In contrast to the independent horse-race model, the competitive integration model does take stimulus spacing into account. Although the relative spacing of the onset and the color singleton did not affect capture rates, spacing did affect saccade latencies, particularly in regard to latencies to an onset or color singleton. For the memorized-color group, not only were latencies to the onset and target faster when they were combined rather than occurring alone (which is also supported by the horse-race model), but the distance of the memorized color from the onset affected saccadic RTs to the onset. In this case, as the distance increased, saccadic RTs to the onset slowed, with the largest distance producing saccade latencies that were slower than those when the onset occurred alone. This directly supports competitive integration and not the horse-race model. However, the onset in this condition did not affect saccades to the memorized color.

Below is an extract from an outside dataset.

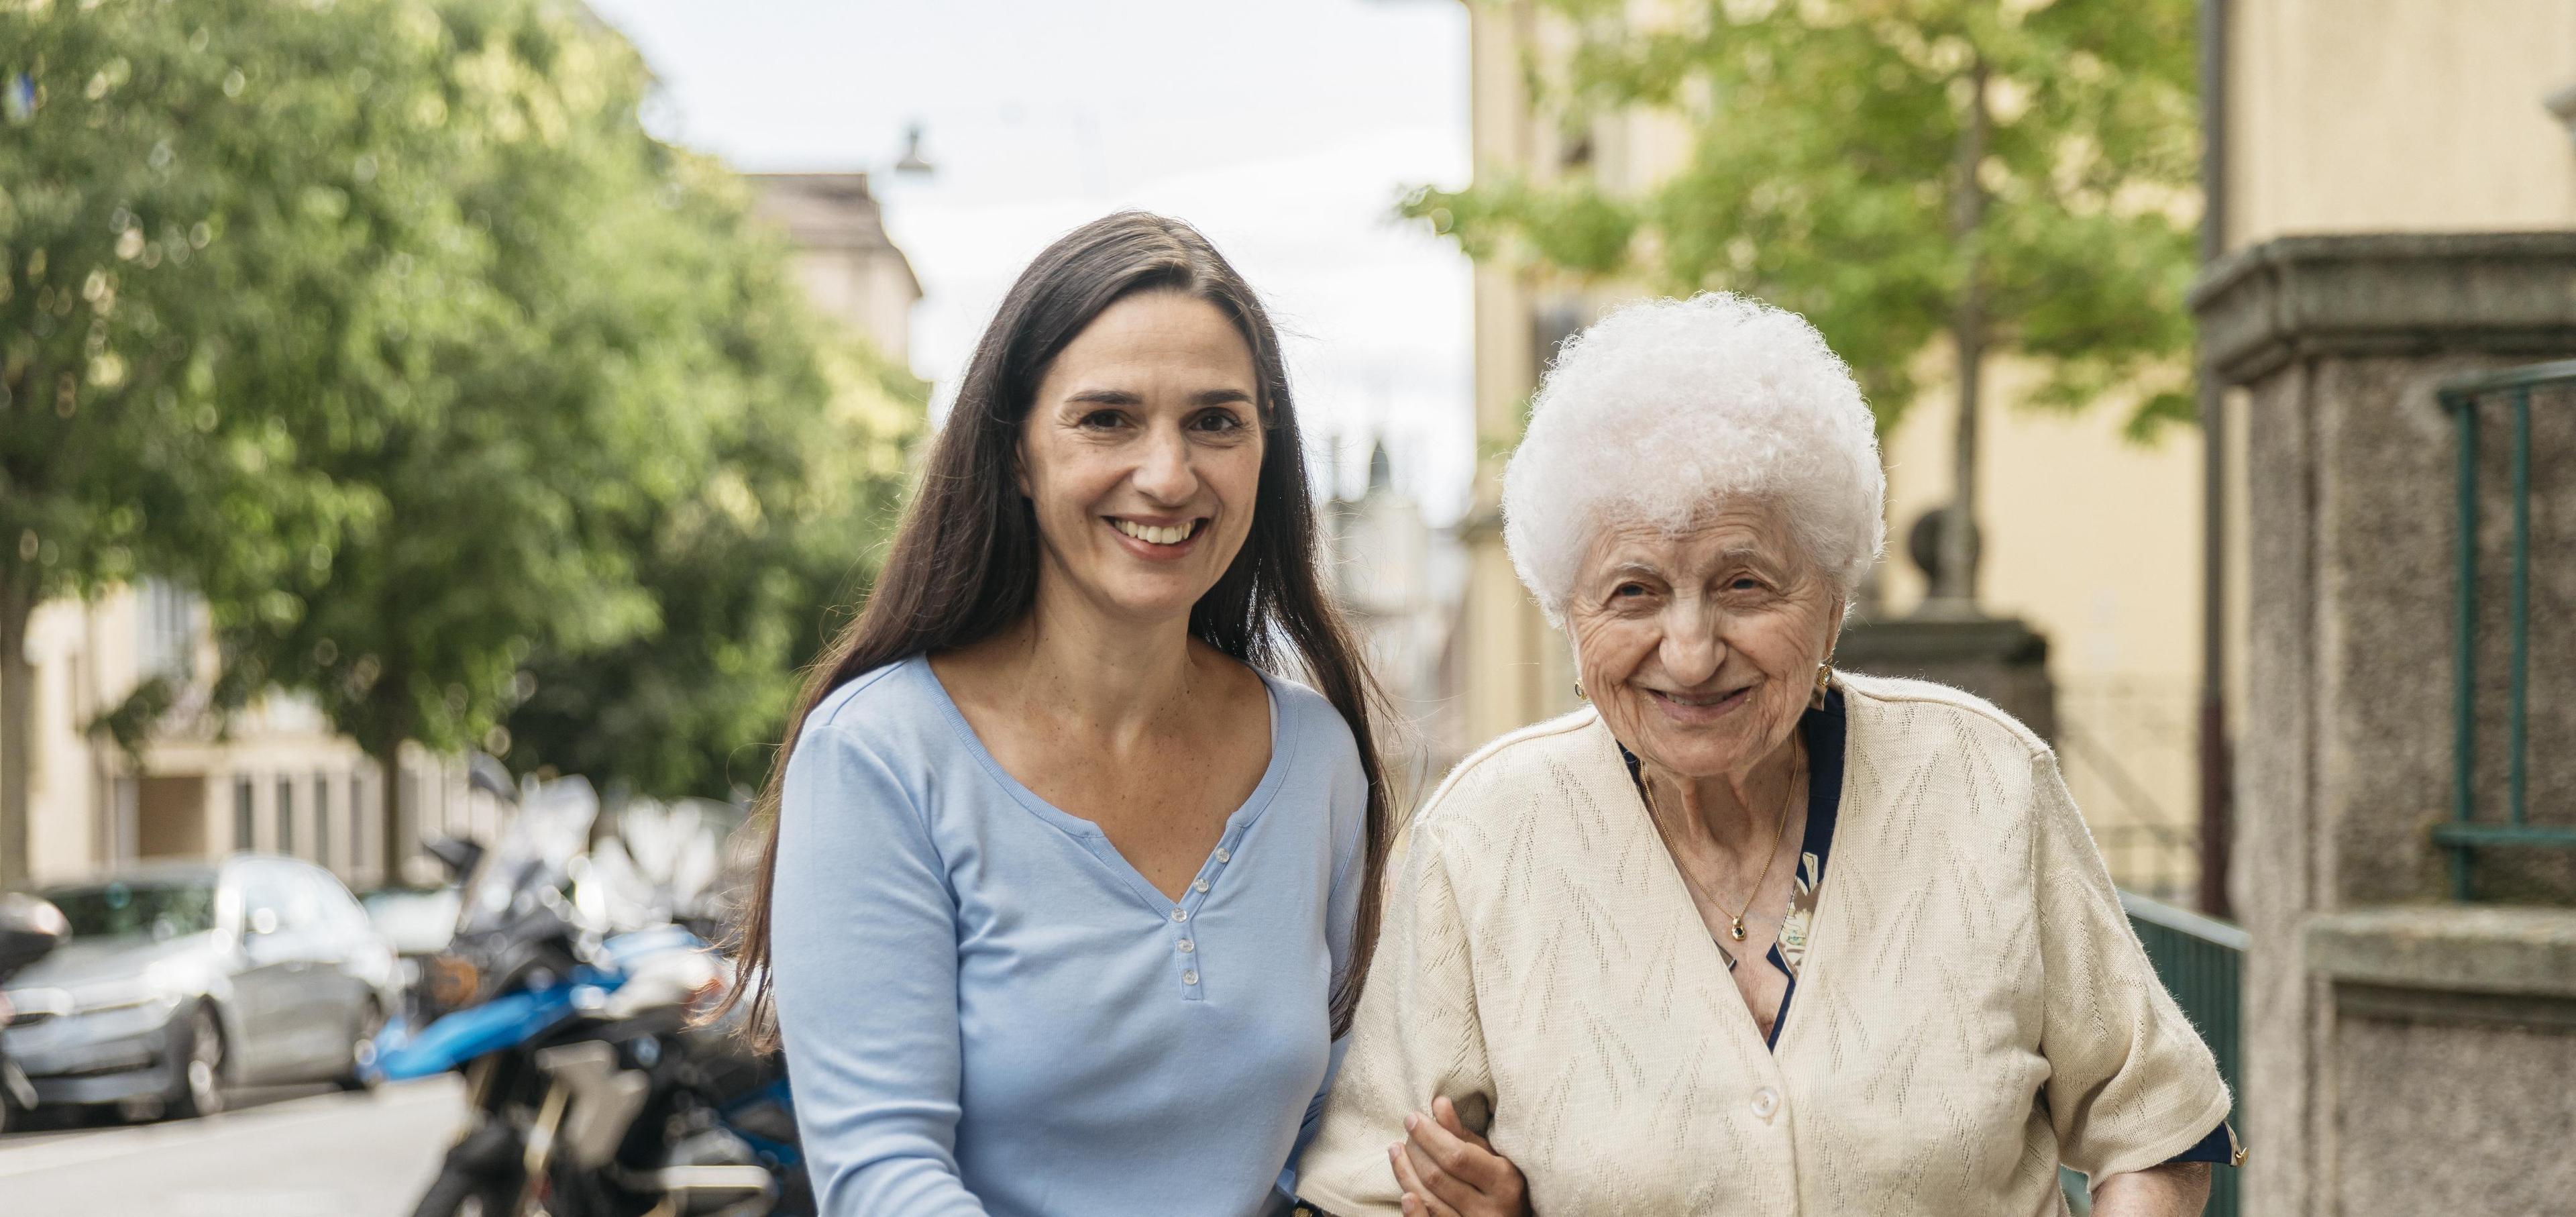 Eine jüngere Frau Arm in Arm mit einer älteren Dame beim Spaziergang.

This asymmetry suggests that memorizing a color can produce a signal that not only can affect signals generated by onsets but also is impervious to the influence of onsets. Similar findings were found for the unique-color group, but in this case the distance between the onset and the unique color singleton affected saccade latencies to both the onset and the unique-color singleton, but this effect was limited to a shorter distance. This suggests that holding a color in working memory increases the strength of the signal generated by a matching color singleton. In the case of latencies to the target, neither the singleton nor the onset affected saccadic reaction times, but as with the lack of an effect on capture, this might be due to the slower generation of target-guided signals.

The strength of the memory-driven signal can be attributed to the active rehearsal process of working memory. The memorized color was seen first in the memory display and was relevant to the memory task; only several seconds had passed until that color was seen again in the search display. The active process of memory rehearsal was able to affect the saccade map, and even though the memorized color was search-task irrelevant, the appearance of the stimulus still triggered an orienting response. One possible mechanism is that as the color is rehearsed, reentrant processes could bias early vision, leading to increased saliency for the rehearsed color, in turn leading to increased capture. Interestingly, while memory influenced search, the presence of the memorized color in the search display did not influence memory performance. However, this is consistent with previous results, showing that people have a poor memory for the identity of items they have rejected during search (Beck, Peterson, & Vomela, 2006).